By Zach Hagadone
What the late, great Warren Miller did for ski movies, Thunderstruck Films has been doing for snowmobiling with more than 20 films since 2000.
The Colorado-based company helped pioneer the genre of snowmobiling movies with its Thunderstruck films — a series that this year reached 18 installments and with the latest set to screen Friday, Nov. 29 at the Panida Theater.
Presented by the Idaho Panhandle Avalanche Center and showing at 6 p.m., Thunderstruck 18 is currently touring throughout the West in both the United States and Canada. The Panida show follows a premiere in Calgary, Alberta and will be followed by a Nov. 30 screening in Revelstoke, B.C.
Team Thunderstruck specializes in pushing the sport of backcountry snowmobiling to its outer limits with insane hill climbs, hair-raising crashes and death-defying jumps in awe-inspiring locales. Quick-cuts and driving music fuel every Thunderstruck film, amounting to a feature-length feast of super-charged excitement as expert riders show just what can be done with a good sled and no small amount of chutzpah.
Founded in 1996 by rider Jim Phalen, who started with little more than a handy-cam and some friends, the company has since grown into “the only snowmobiling film in the world that incorporates every genre and style of western riding,” according to snowest.com.

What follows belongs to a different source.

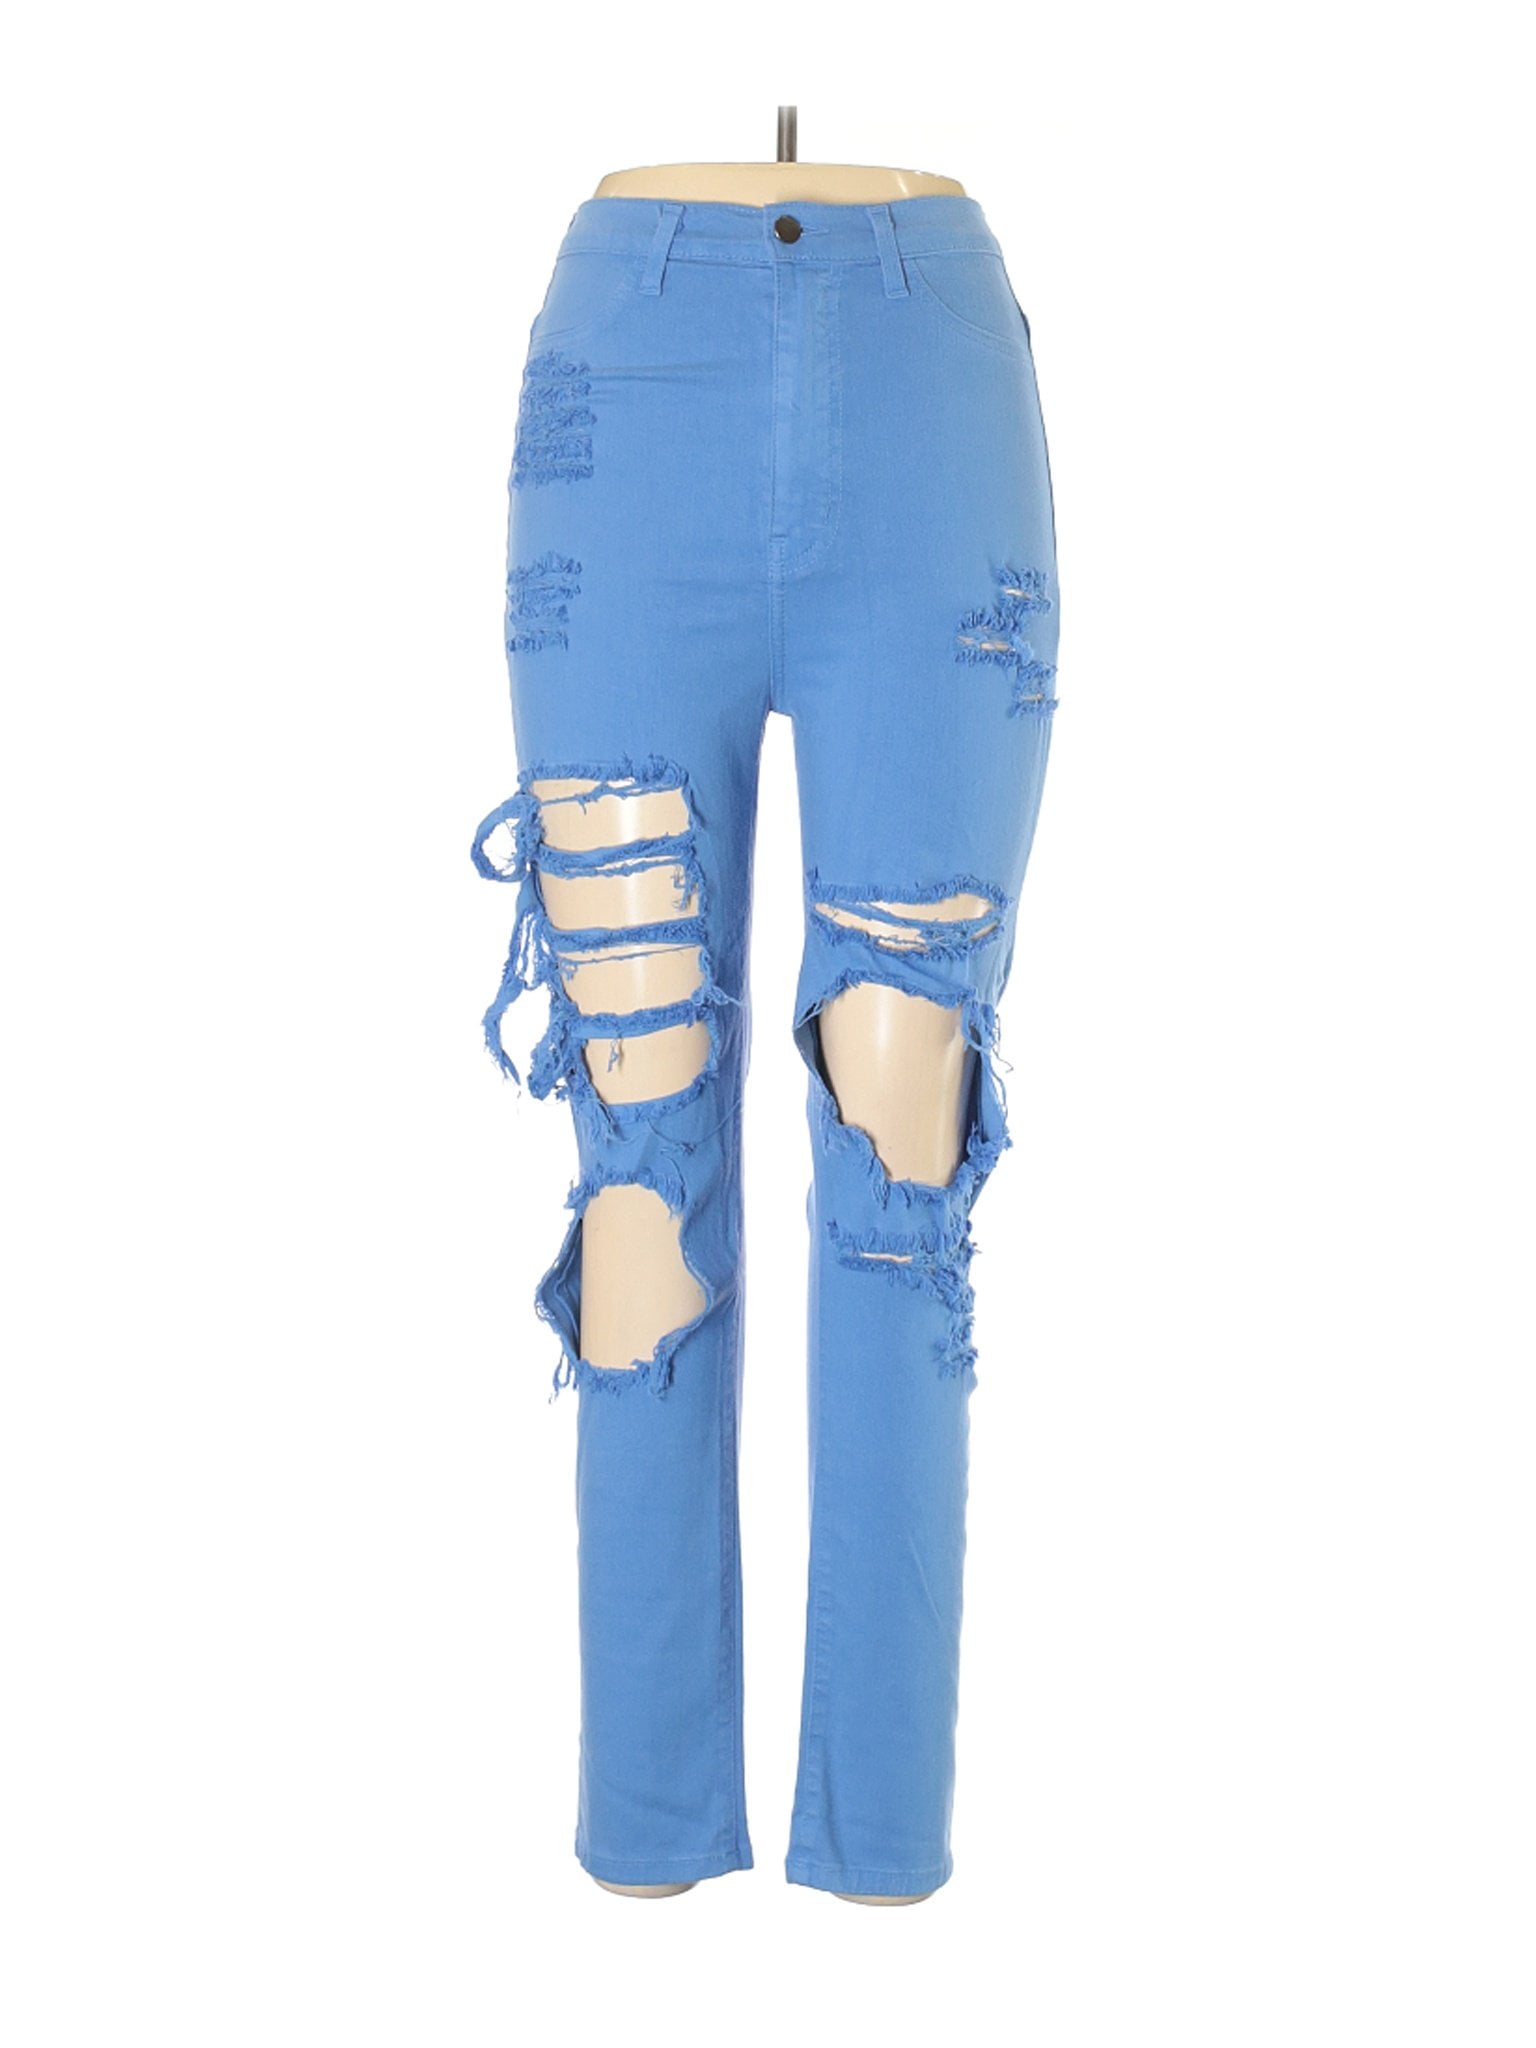 fashion nova size 13 jeans

The Thunderstruck series has piled up a good number of awards over the years, including “Best Rider in a Snowmobile Film” from Xtremey five times between 2004 and 2008. A host of more than 20 international riders make up the team, including a few Idahoans such as Riley Jensen-Hoyle, of Island Park; Julio Eiguren, of Boise by way of Australia; Mark Mesenbrink, of Hayden; Sid Huntsman, of Idaho Falls; and John Outhet, of Star.
As the company’s mission statement puts it: “Thunderstruck Films mission is to promote the sport of snowmobiling through the filming of our crazy antics and to hope that no one ever tries to repeat what we do in our films!”
Fair enough, but it’s definitely recommended that you watch those antics on film if you’re a fan of high-energy backcountry motorsports, complete with amazing deep powder sledding and stellar cinematography.